For this analysis, we wanted to assess data sets that were similar in spatial extent and especially the number of individual plots sampled. We do want to point out some considerations that may contribute to variation in DOCs. Two agricultural data sets (Canadian crops and Belgian orchards) have relatively few pairs with high community overlap (see Figure 2). Although this does not seem to be related to differences in sampling intensity with other data sets (see Table 1 for coverage statistics and sequence counts), it may contribute to the absence of a significant downward trend of the DOC. Relatedly, the Belgian orchard data set is the only one based on root samples instead of soil samples. Differences between soil and root AM fungal communities are known to occur (for example, Hempel et al., 2007), and this could also be true for interactions between AM fungi that may affect their DOC. To be able to truly assess the dynamic of fungal taxa and its regularity between sites, future research should focus on measuring temporal development of AM fungal taxa abundances in a systematic and controlled manner.

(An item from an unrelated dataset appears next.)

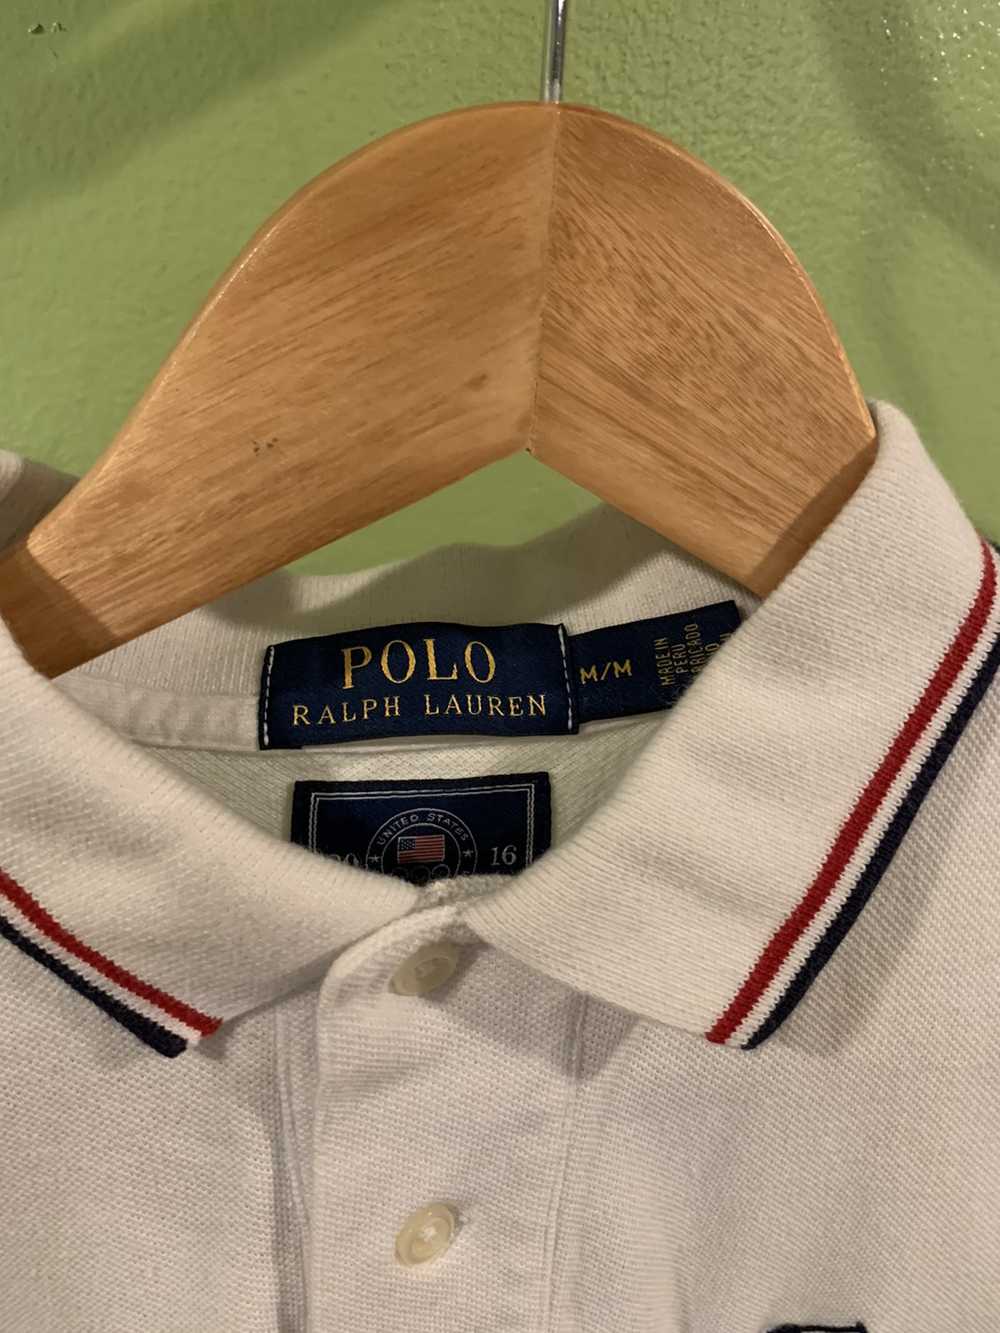 Polo Ralph Lauren Polo Ralph Lauren USA 2016 Polo… - image 4

Collectively, our findings suggest that DOC analysis provides an approach to estimate deviation from natural community behavior. Such an approach could be used to test whether AM fungi or other bio-inoculants introduced into natural or agricultural ecosystems disturb resident fungal communities (Rodriguez and Sanders, 2015; Bender et al., 2016; Hart et al., 2017), with broader implications for agriculture and ecosystem restoration.